The US government's seizure of Washington Mutual on Thursday night marked the largest failure in US banking history and further undermined sentiment.

The dollar index on the ICE Futures Exchange, a measure of the greenback's value against six major currencies, was little changed at 76.983.

Overall currency trading was lacking liquidity and direction with traders staying on the sidelines awaiting the outcome of the bailout package.

For the week, the dollar fell about 0.8 percent against the euro and 0.6 percent against the yen.

Market participants still expect the $700 billion US bank bailout package to be passed in some form, but they are unwilling to make big bets, analysts said.

"The market has been waiting patiently all week," said Amarjit Sahota, senior currency strategist at HIFX in San Francisco. "Most people are quite confident there'll be a positive resolution to the bailout plan."

"If the deal goes through, the dollar will benefit...There will be a renewed expectation that the Federal Reserve won't be looking to ease interest rate policy further," he added.

But some analysts caution any gains in the greenback may prove short-lived with next week's non-farm payrolls report expected to show the nation's unemployment rate remaining near six percent.

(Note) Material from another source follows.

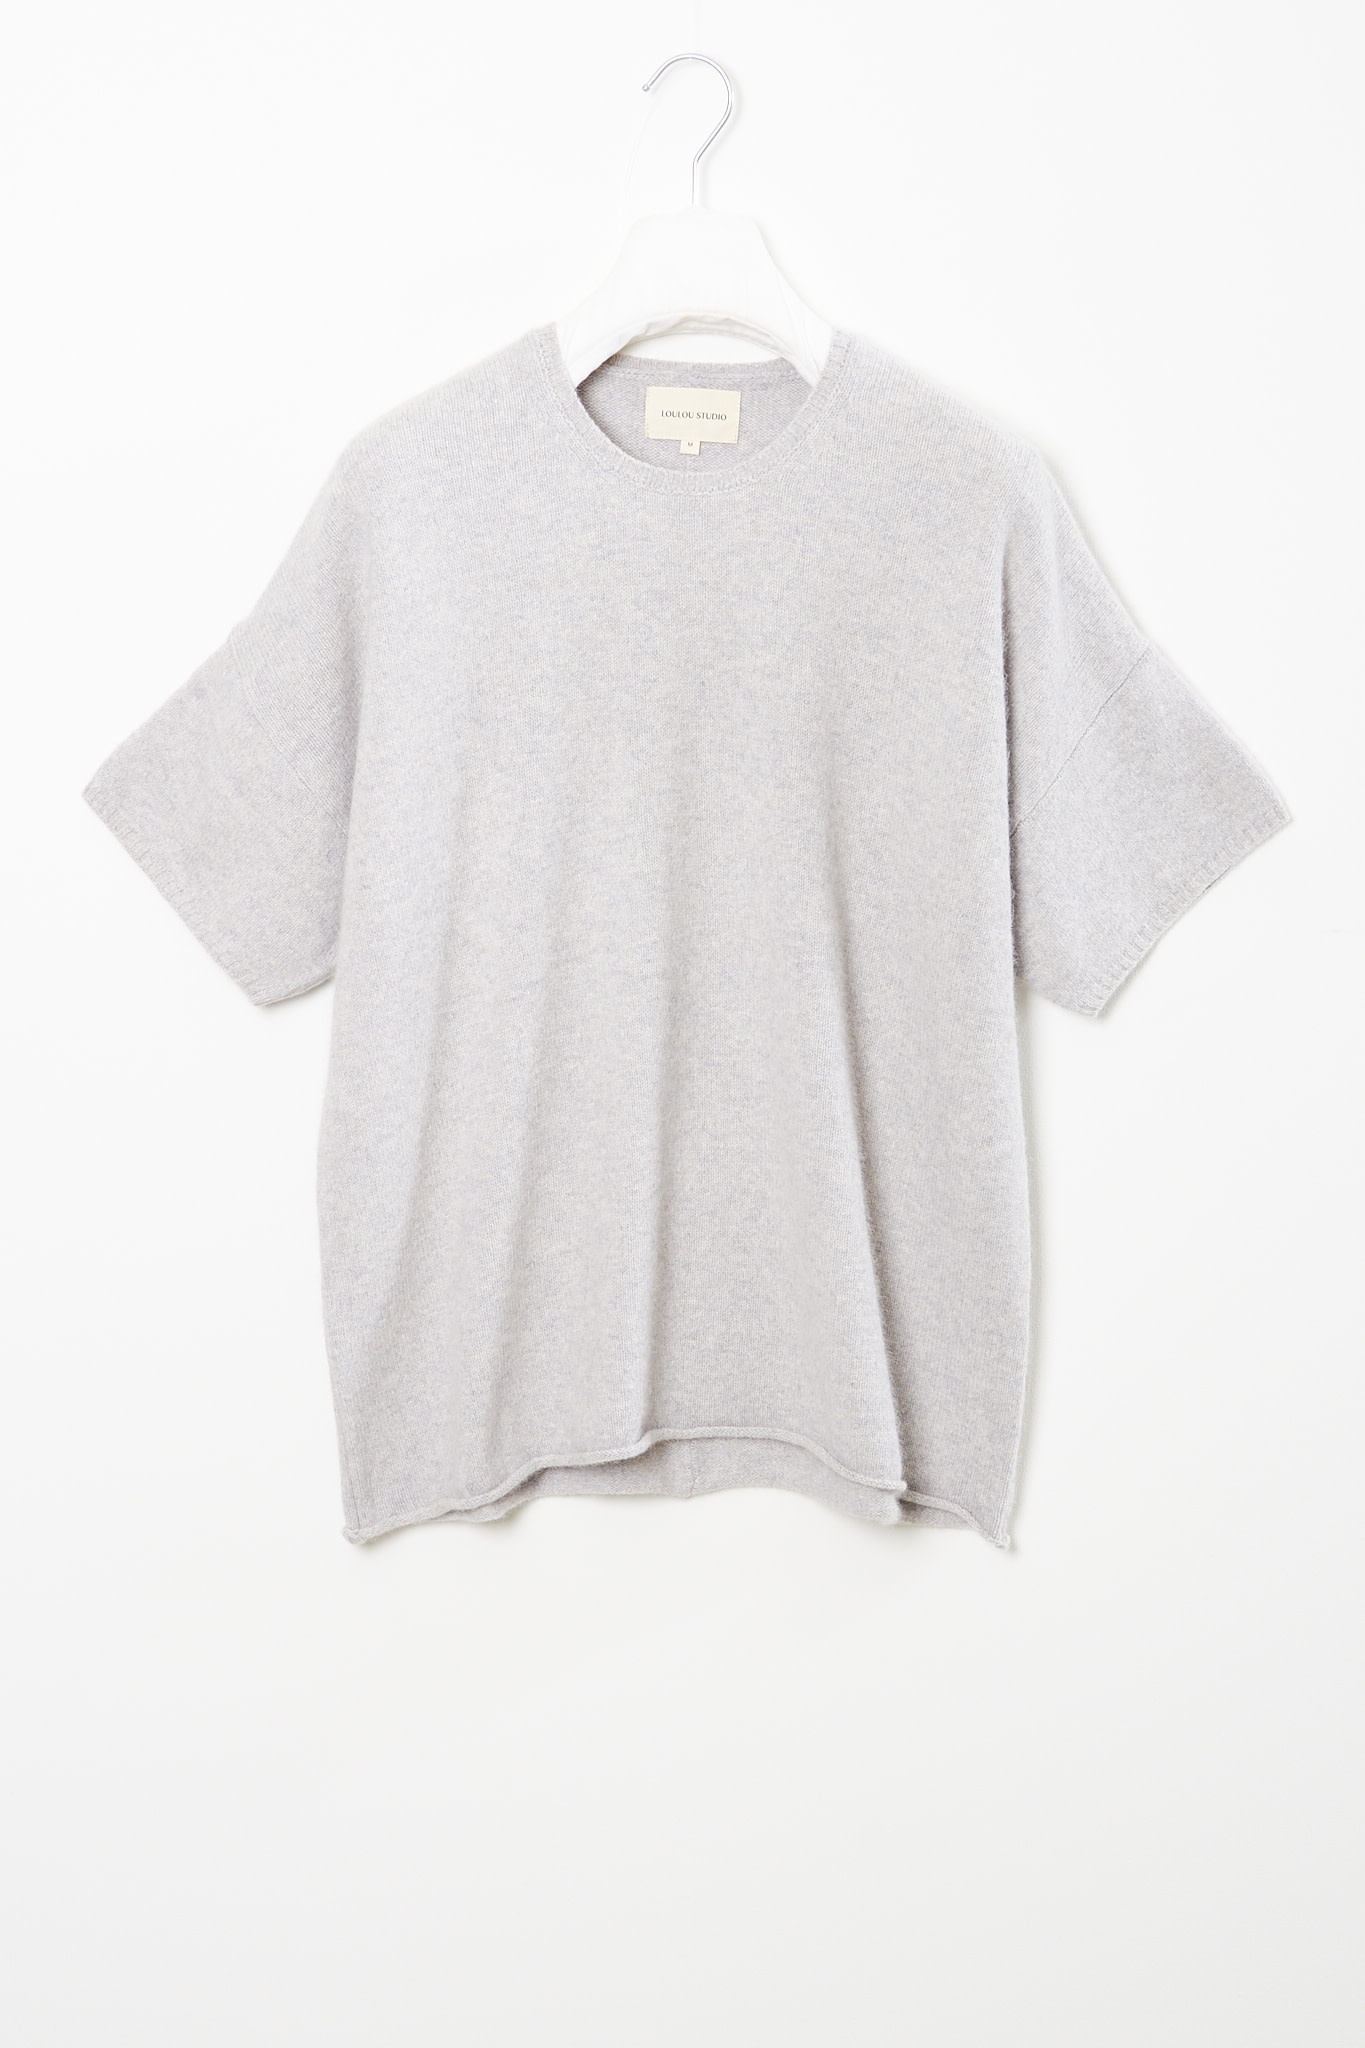 loulou studio - Izaro short sleeves sweater

"The dollar is likely to come under pressure once investors start questioning the US economy's ability to grow in face of job losses and a massive deleveraging in the financial sector," said Antonio Sousa, chief strategist at DailyFX.com in New York.

The euro also came under some pressure after euro zone sources said market expectations about European Central Bank (ECB) rate cuts early next year or even sooner are reasonable.

Still, most economists say the ECB is expected to leave benchmark rates unchanged at its meeting next week.

The high-yielding Australian dollar fell 0.5 percent against the US dollar to US$0.8311 and 0.6 percent versus the yen to 88.21 yen, as investors unwound bets on high-yielding currencies.